• _INFORMATION SUPPLIED_:
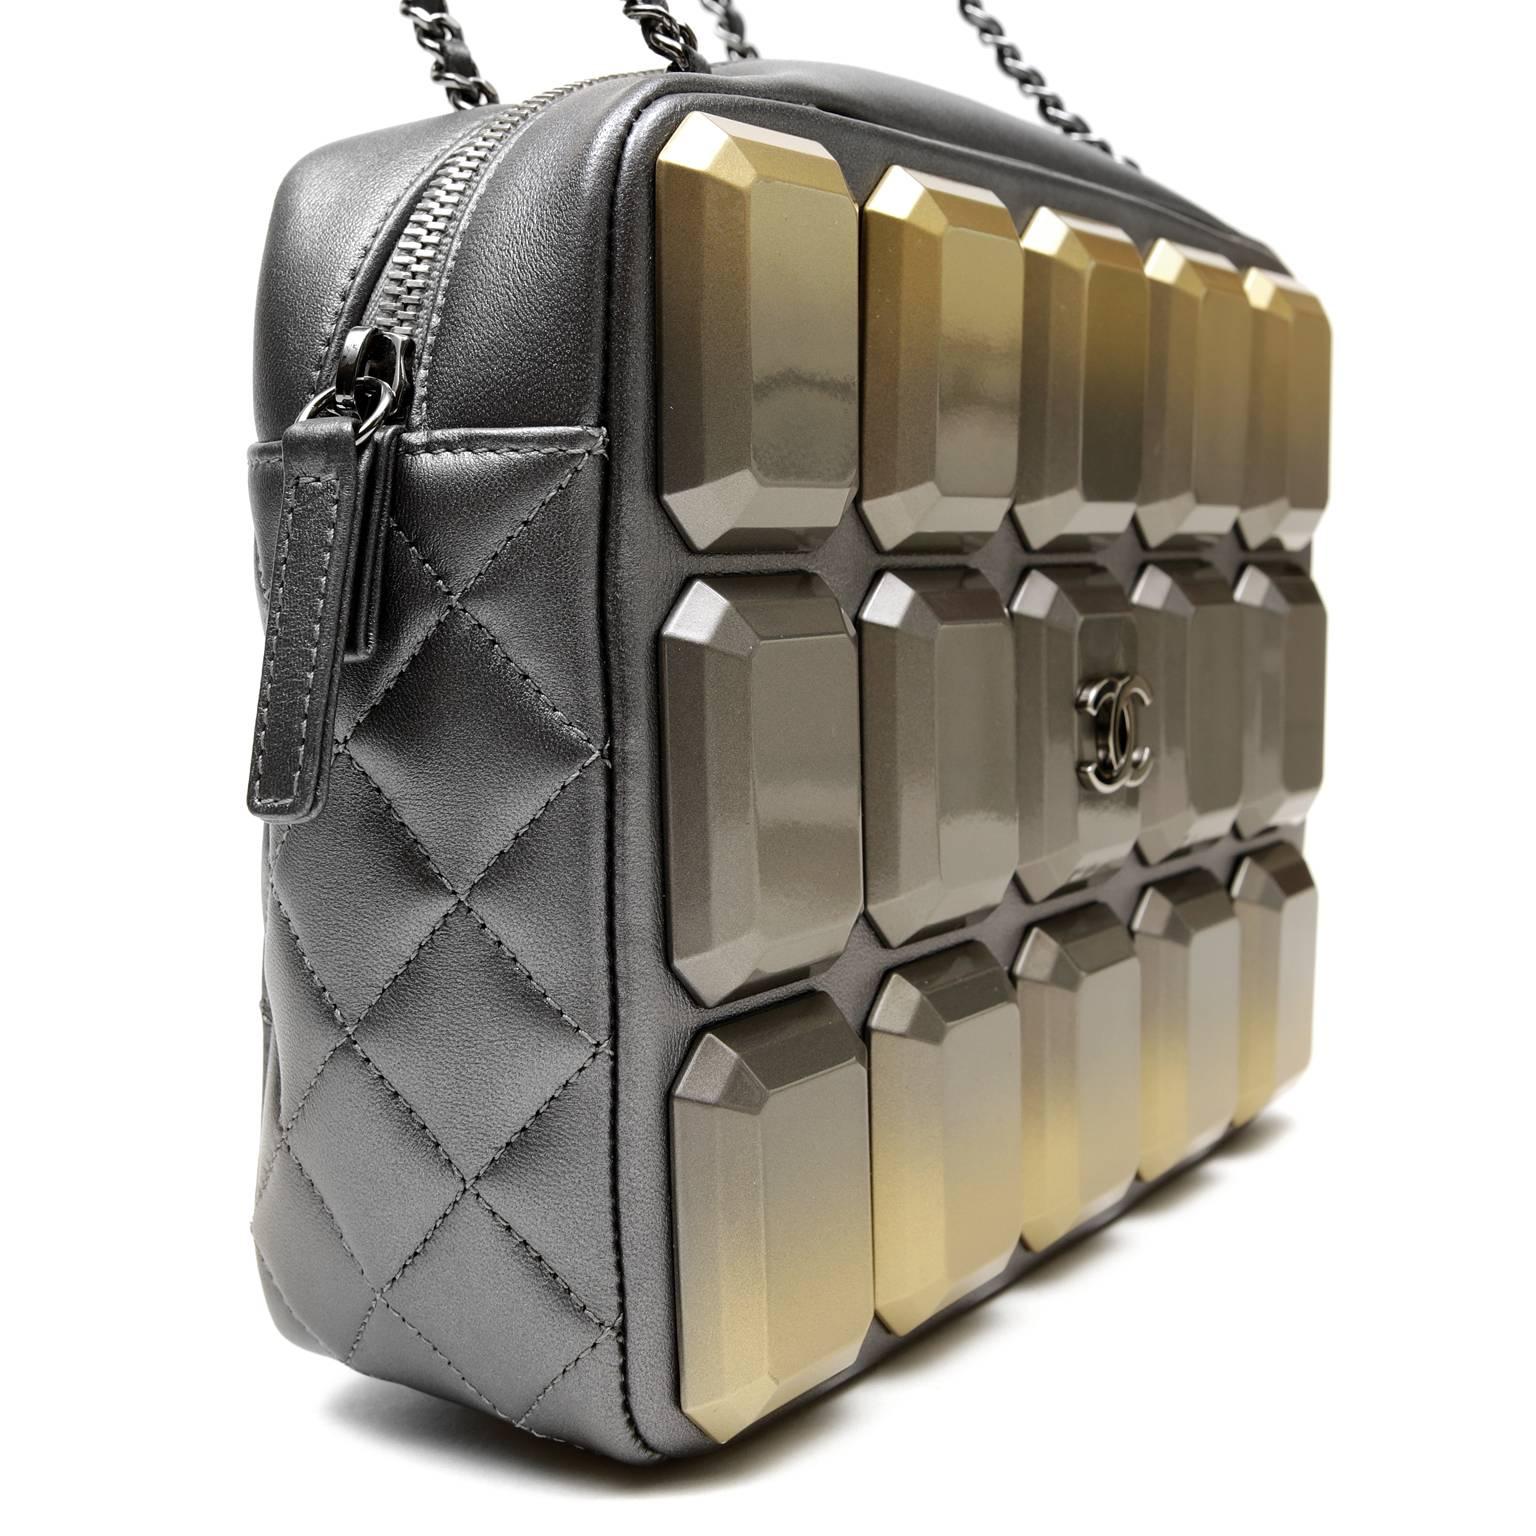 Gray Chanel Pewter Evening Art Flap Camera Bag- Runway 2014 For Sale
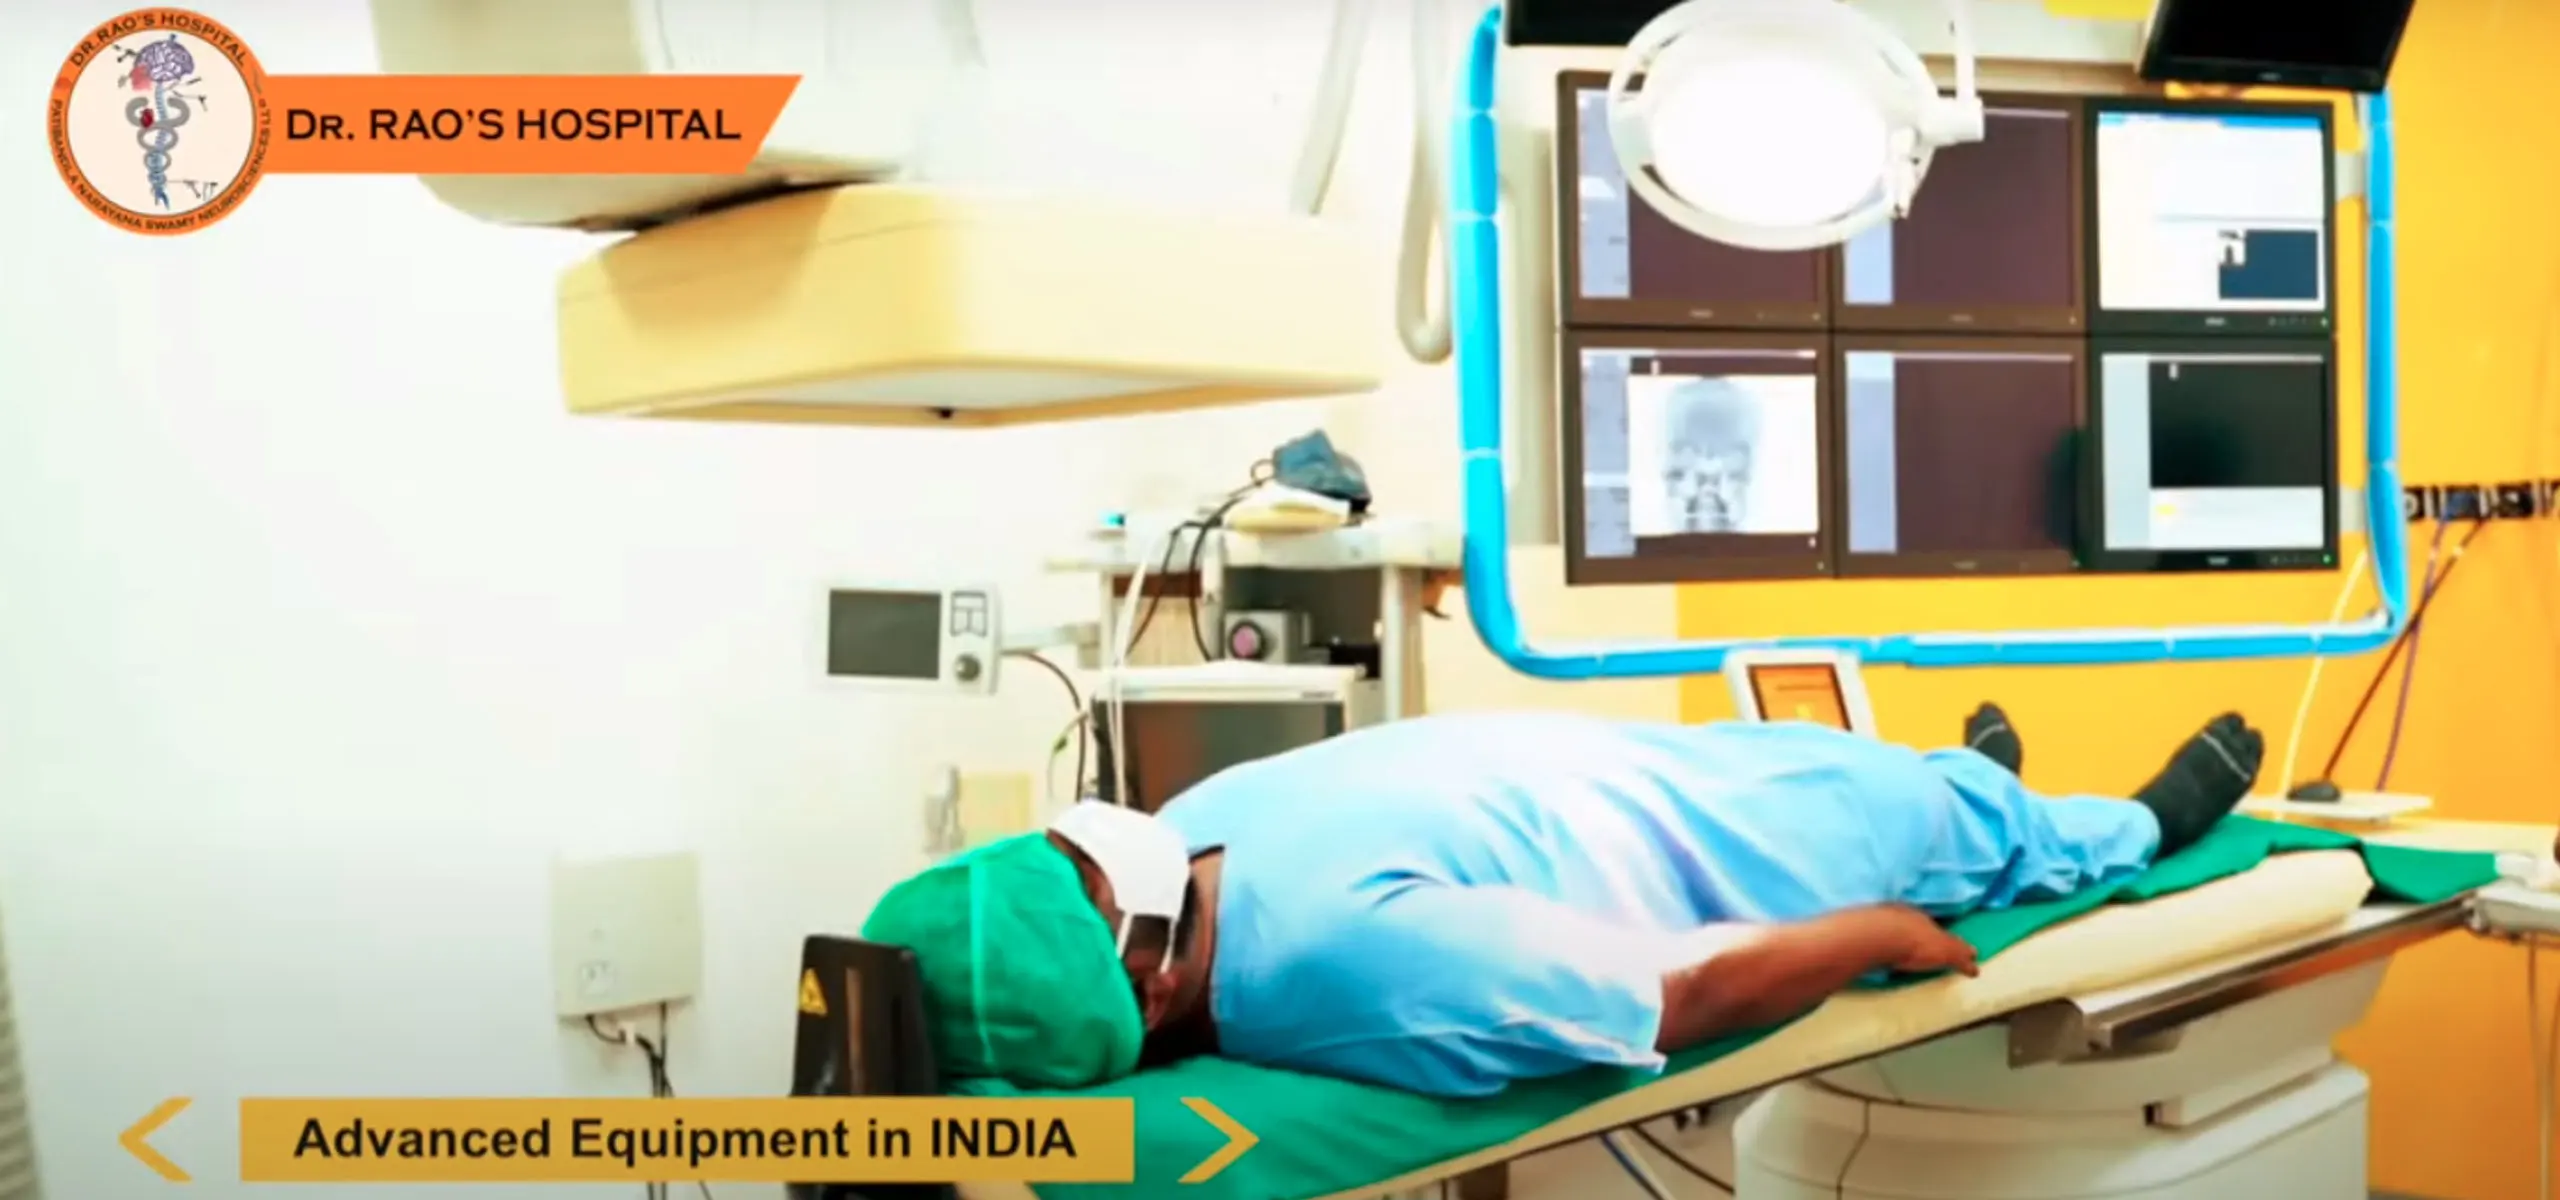 Dr Rao's Hospital - Role of an Experienced Neurosurgical Team by Dr Rao at Dr Rao's Hospital.
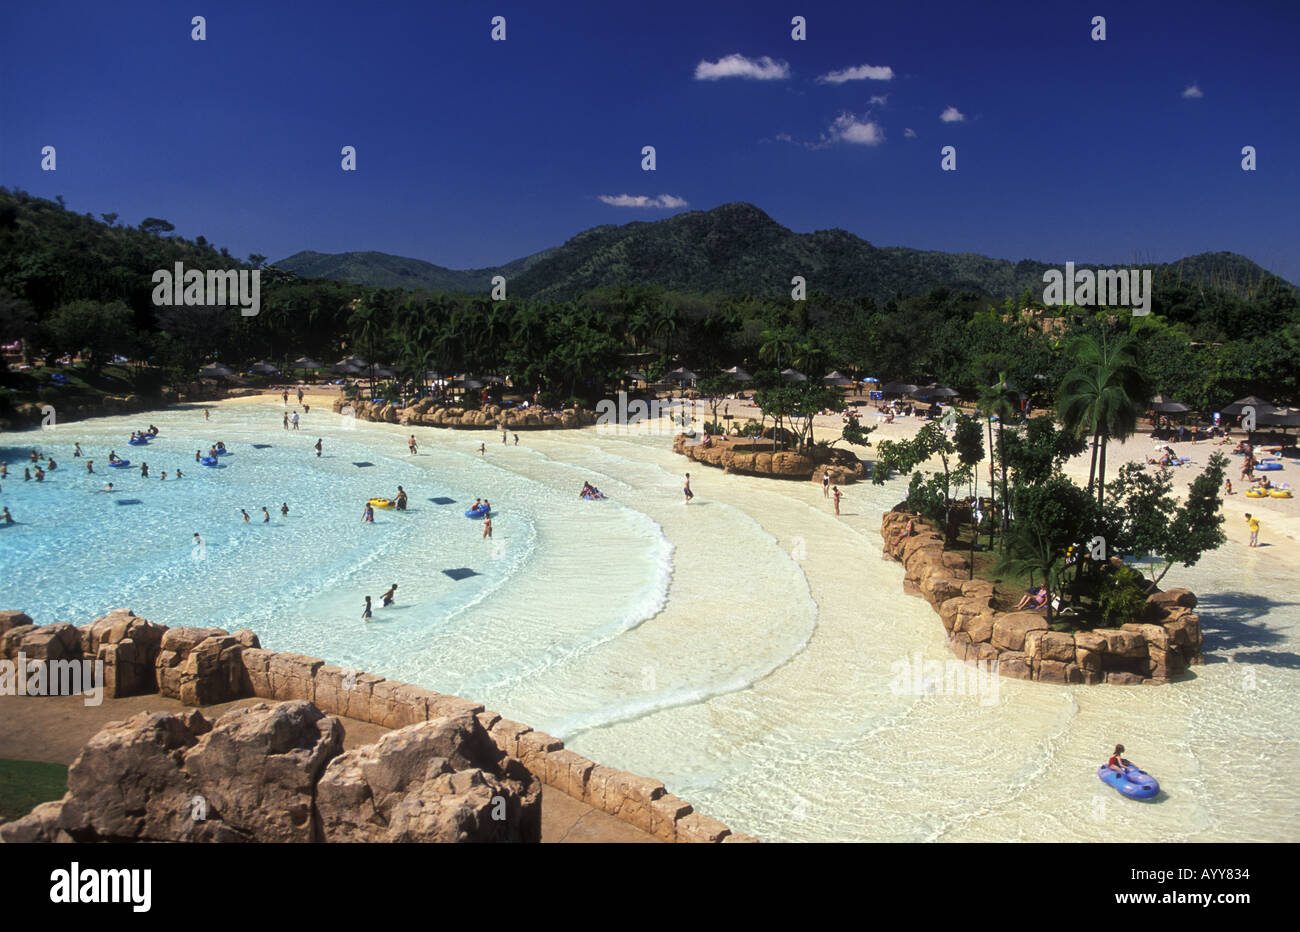 Man made beach at the Lost City complex Sun City South Africa There are many swimmers and bathers Some have rubber boats Stock Photo

• _TASK TO CARRY OUT_:
Everything in the material except the pictures should be output verbatim.

• _ANSWER FOR THIS EXERCISE_:
 Gray Chanel Pewter Evening Art Flap Camera Bag- Runway 2014 For Sale
 Dr Rao's Hospital - Role of an Experienced Neurosurgical Team by Dr Rao at Dr Rao's Hospital.
 Man made beach at the Lost City complex Sun City South Africa There are many swimmers and bathers Some have rubber boats Stock Photo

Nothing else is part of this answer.